Świetnie, lubię takie wody tonizujące, bo mają podobne, a nawet takie same właściwości jak tonik do twarzy, a ja bez toniku nie omijam kroku pielęgnacyjnego. Może nie przepadam za jaśminem w kosmetykach, ale myślę że tutaj nie będzie mi on przeszkadzał. Nie wiem jeszcze czy jest wyczuwalny, bo nie otwierałam buteleczki, ale jak tylko zacznę go dziś używać to napiszę o nim coś więcej za kilka dni.
cena: 60,99zł/50ml
Koi i łagodzi podrażnienia. Intensywnie nawilża, regeneruje i wycisza skórę po zabiegach (szczególnie po retinoidach). Zmniejsza zaczerwienienia, świąd i pieczenie. Polecany również do skór atopowych, skłonnych do alergii i wrażliwych.

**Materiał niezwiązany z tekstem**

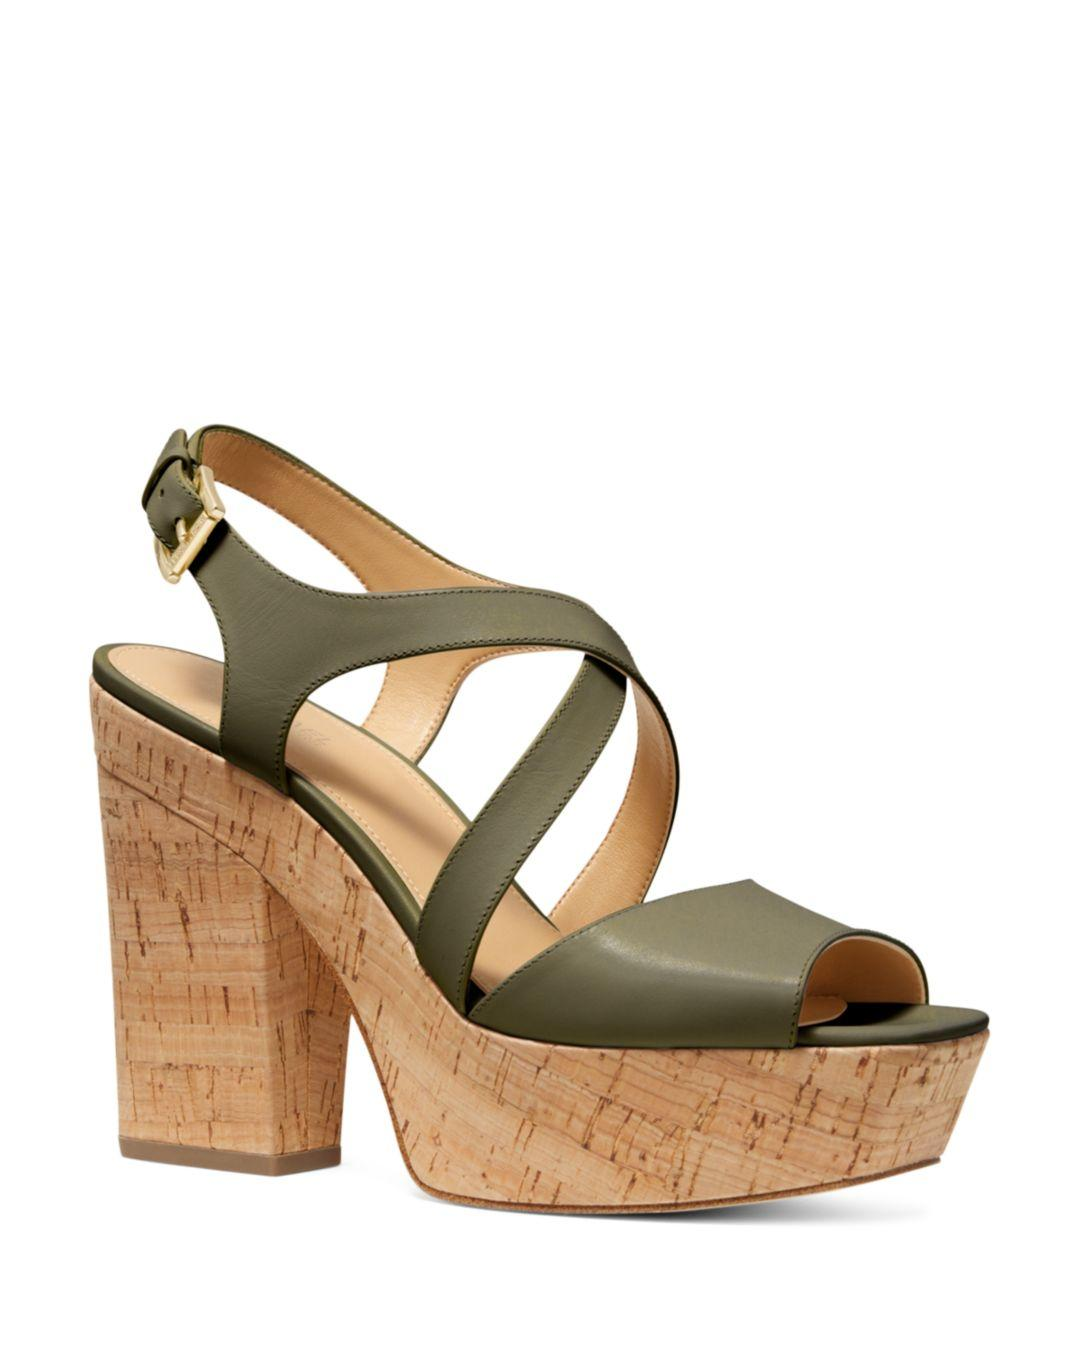 5d3c7bba390 MICHAEL Michael Kors. Green Women s Abbott Leather Platform Wedge Sandals

Super, taki krem na pewno mi się przyda, z racji że ostatnio trochę więcej używałam kwasów i po jednej stronie na policzku miałam niewielkie podrażnienie naskórka. Ratowałam się nawilżającym kremem, ale jeśli jest taki krem typowo po zabiegach i szczególnie po retinoidach, to cieszę się, że zawitał ten krem właśnie teraz do mnie i pojawił się w pudełeczku.
Uriage Age Absolu zagęszczająca skórę maska na noc cena: 189,99zł/50ml
w boxie 15ml
Globalna przeciwstarzeniowa maska, która stymuluje syntezę prokolagenu V6 w celu przywrócenia gęstości i ujędrnienia każdego typu skóry. Maska działa na wszystkie widoczne oznaki starzenia: zmarszczki, zwiotczałość utratę objętości, utratę blasku, utratę odżywienia. Po jej zastosowaniu skóra jest nawilżona, pełniejsza, wzmocniona i zregenerowana.

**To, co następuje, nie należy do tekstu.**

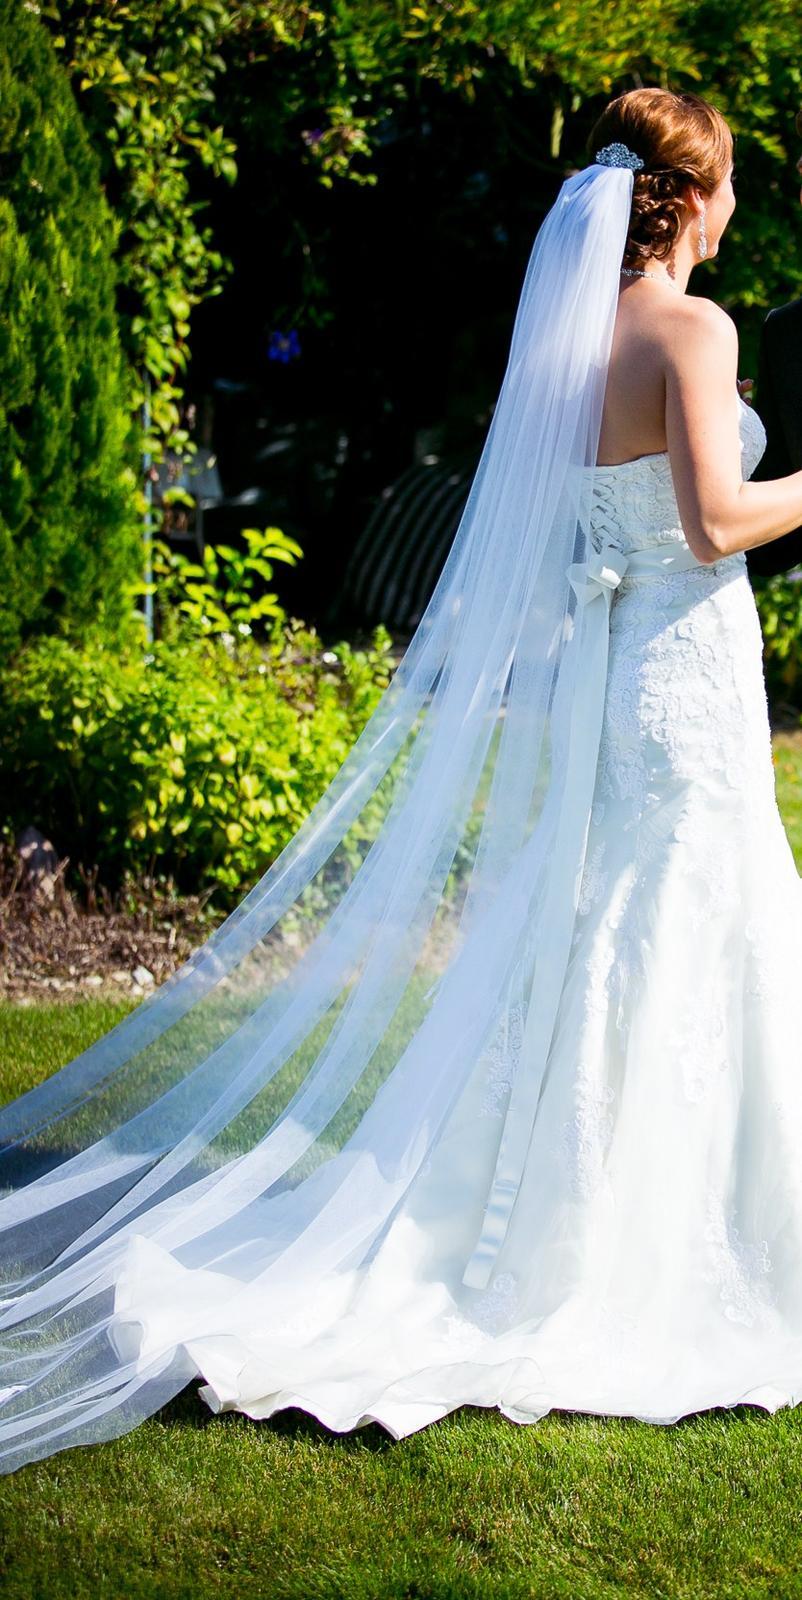 diane legrand 13EM2 svadobne šaty - Obrázok č. 2

Już po opisie jestem mega ciekawa tej maski, chętnie ją z przyjemnością użyję i to właśnie chcę szybko zrobić, alby jeszcze zyskać ten blask na skórze, odżywienie przed ważną uroczystością rodzinną. W opakowaniu jest tylko 15 ml pojemności, ale nawet taka pojemność mnie zadawala. Miałam już raz jedną maską z tej marki i byłam zadowolona - jak ta się spisze? Dam znać niedługo.
cena: 49,99zł/30ml
Optymalnie nawilża skórę, regeneruje, odżywia, ujędrnia. Zmniejsza widoczność zmarszczek. Polecane jako kuracja do skóry bardzo suchej, suchej, odwodnionej, matowej, pozbawionej blasku.
To serum myślę, że zostawię sobie już na chłodniejsze dni, kiedy skóra będzie potrzebowała lepszego nawilżenia. Fajnie, że poznam kolejne serum z owej marki i cieszę się, że znów pojawiło się coś z Miya.
Faceboom Seboom oczyszczające plastry-kwiatki na niedoskonałości i wypryski słodcy zbawcy cena: 27,50zł/20 sztuk
Hydrokoloidowe oczyszczające plastry na niedoskonałości i wypryski o kształcie słodkich, zielonych kwiatków. Dzięki nim pryszcze i niedoskonałości znikną dużo szybciej. Chronią wypryski przed zabrudzeniami, niepotrzebnym dotykaniem i czynnikami zewnętrznymi. Wchłaniają nadmiar sebum i zanieczyszczenia.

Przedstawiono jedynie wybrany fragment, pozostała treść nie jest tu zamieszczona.